Task objective: Below is a listing; repeat exactly the lines from the one containing "Shady Bug - Lemon Lime LP" to the one containing "Malako Turin Jacquard", both included.

Input data:
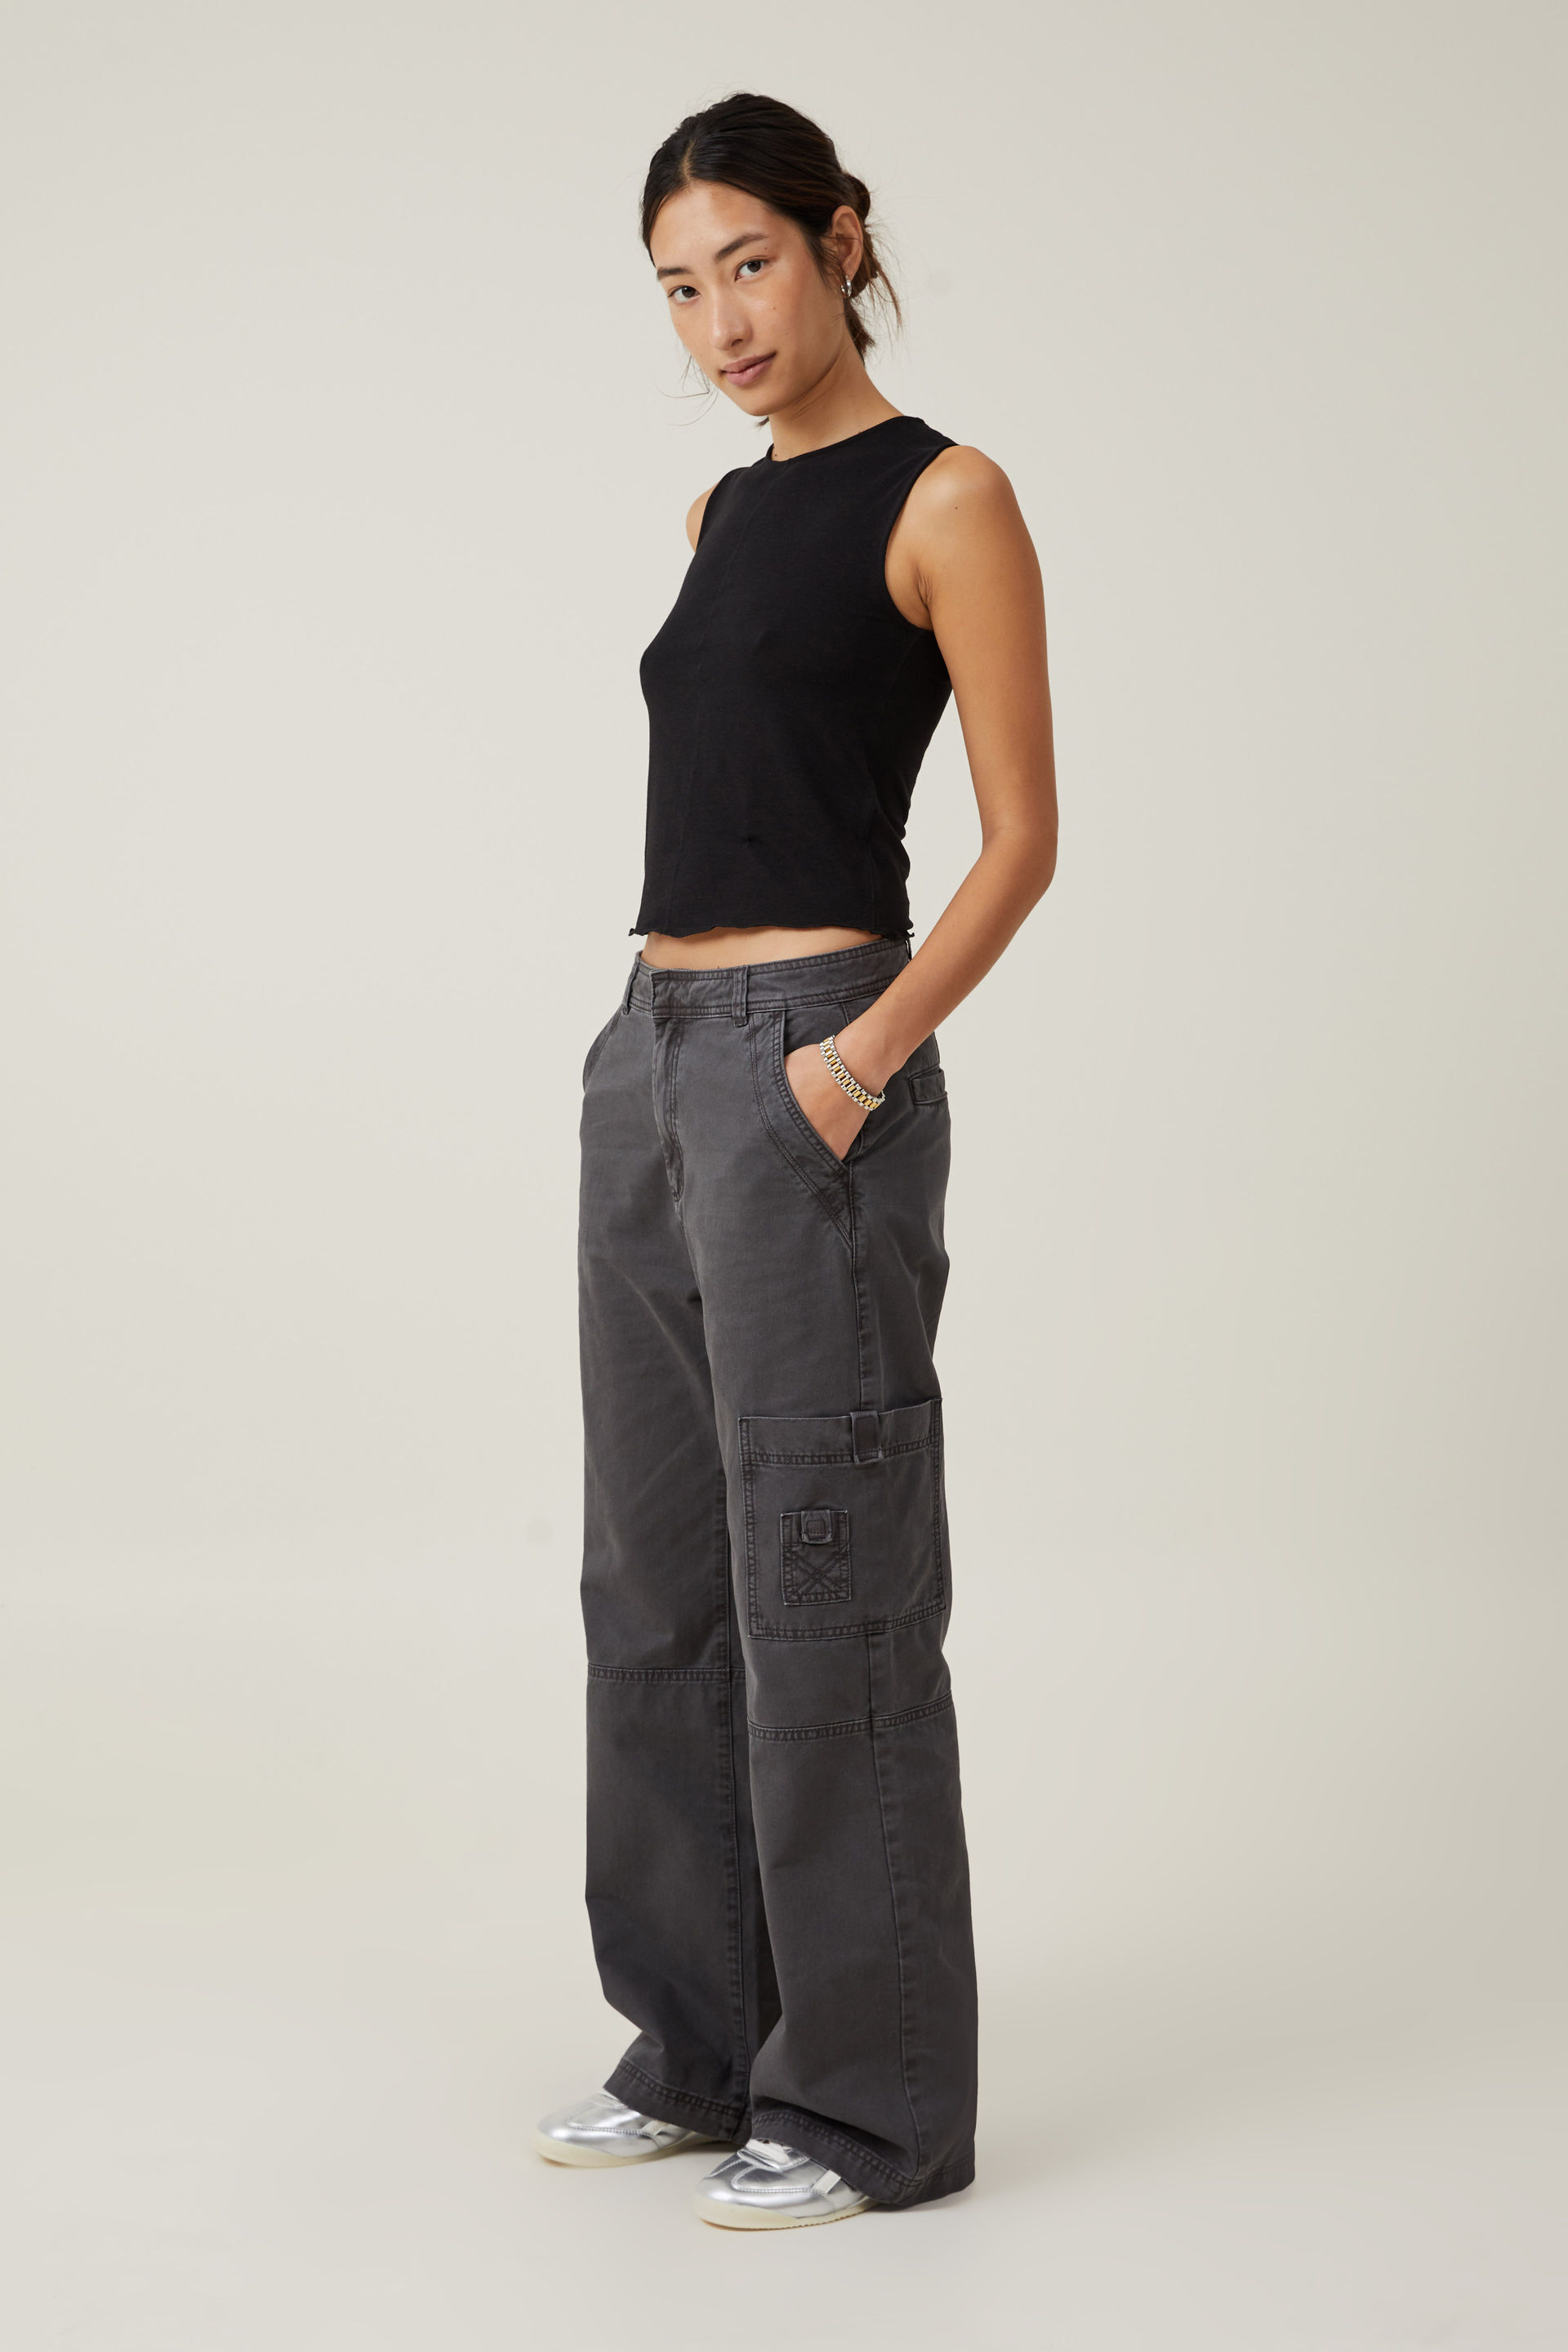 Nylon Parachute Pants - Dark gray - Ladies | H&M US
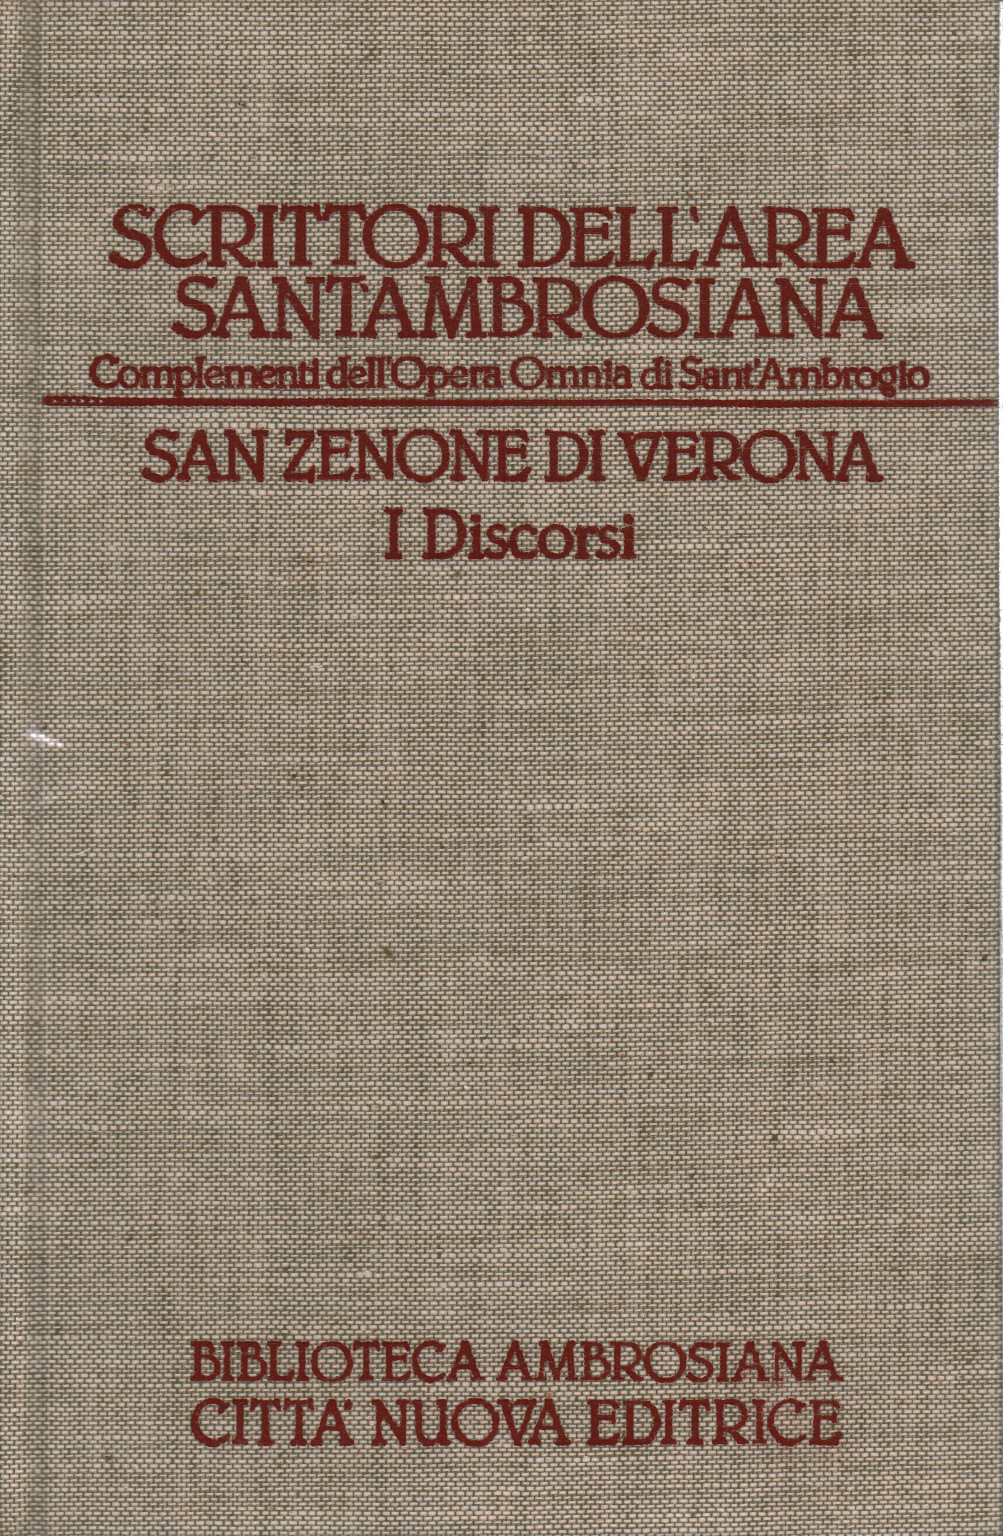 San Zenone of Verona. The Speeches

---

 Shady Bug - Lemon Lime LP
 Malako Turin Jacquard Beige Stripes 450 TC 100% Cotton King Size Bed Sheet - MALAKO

--

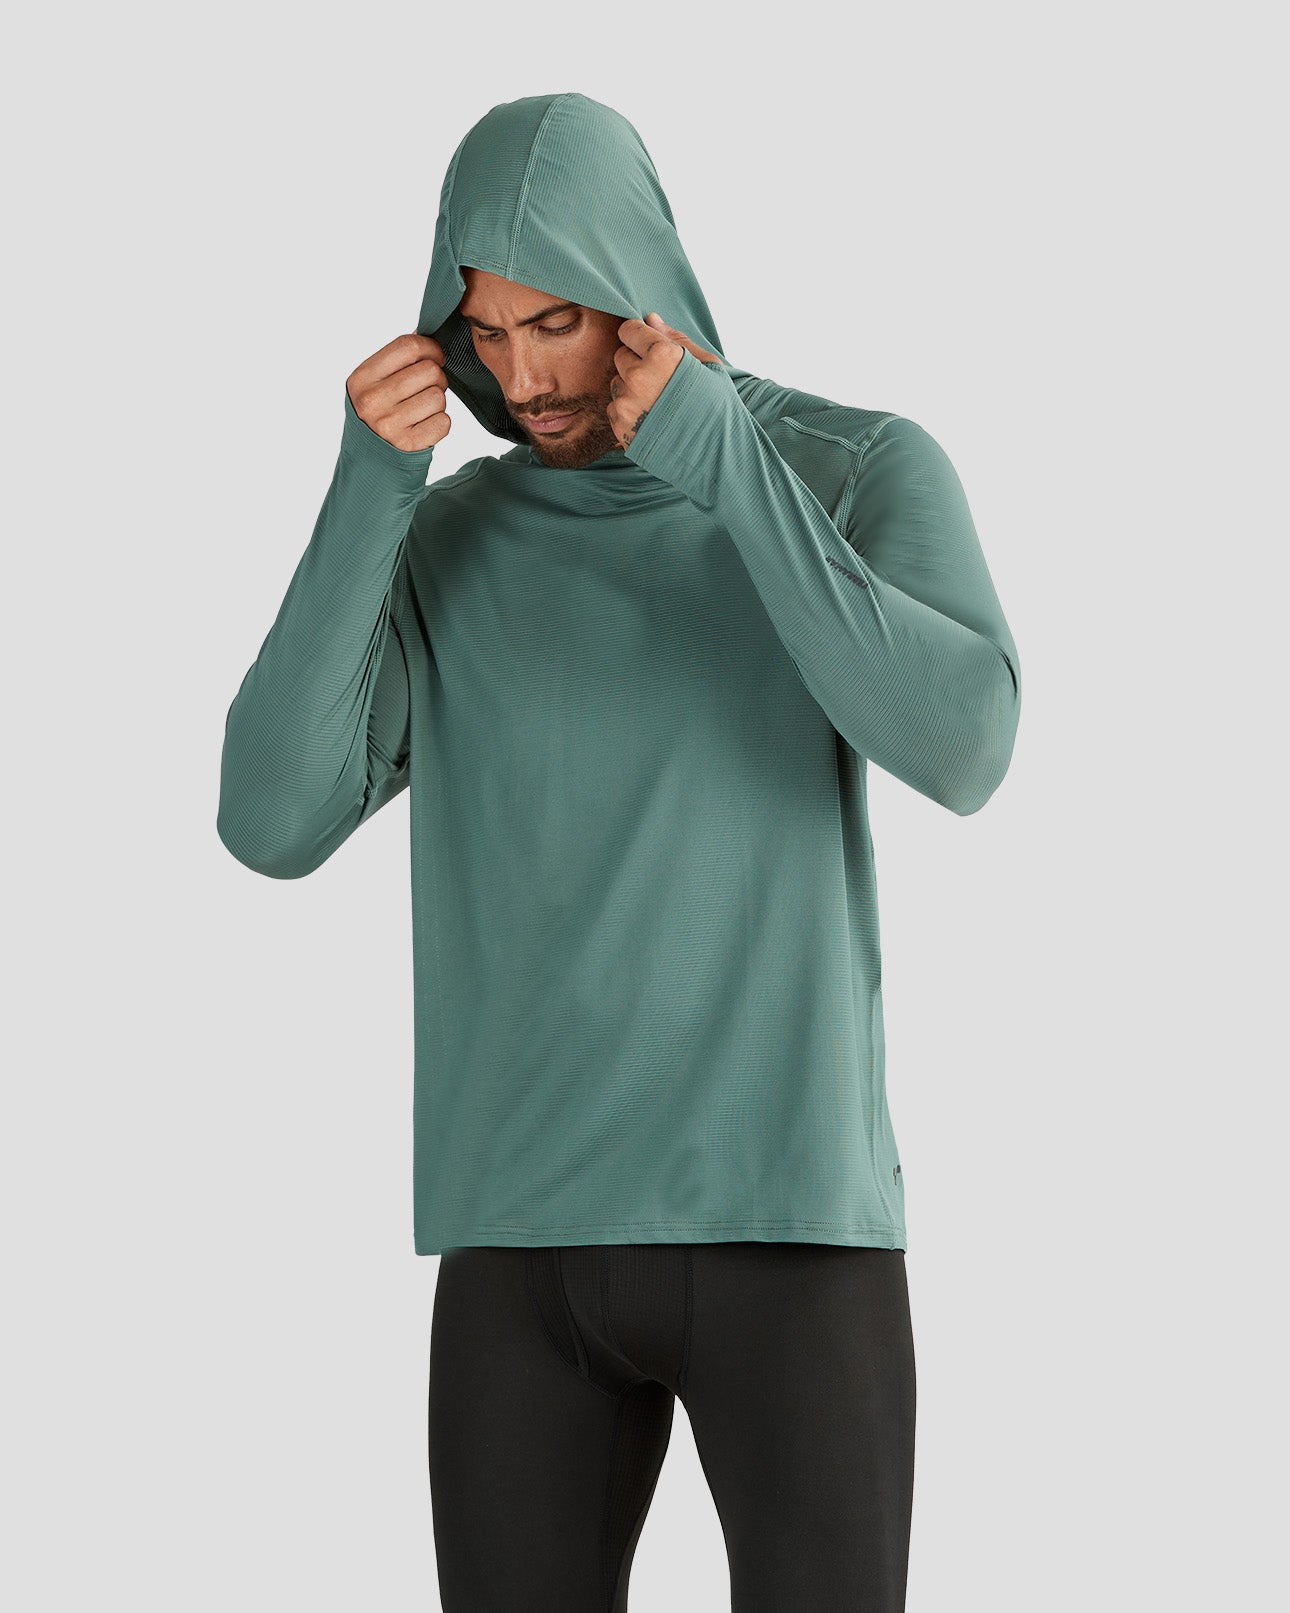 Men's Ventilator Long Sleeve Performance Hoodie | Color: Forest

Reply:
 Shady Bug - Lemon Lime LP
 Malako Turin Jacquard Beige Stripes 450 TC 100% Cotton King Size Bed Sheet - MALAKO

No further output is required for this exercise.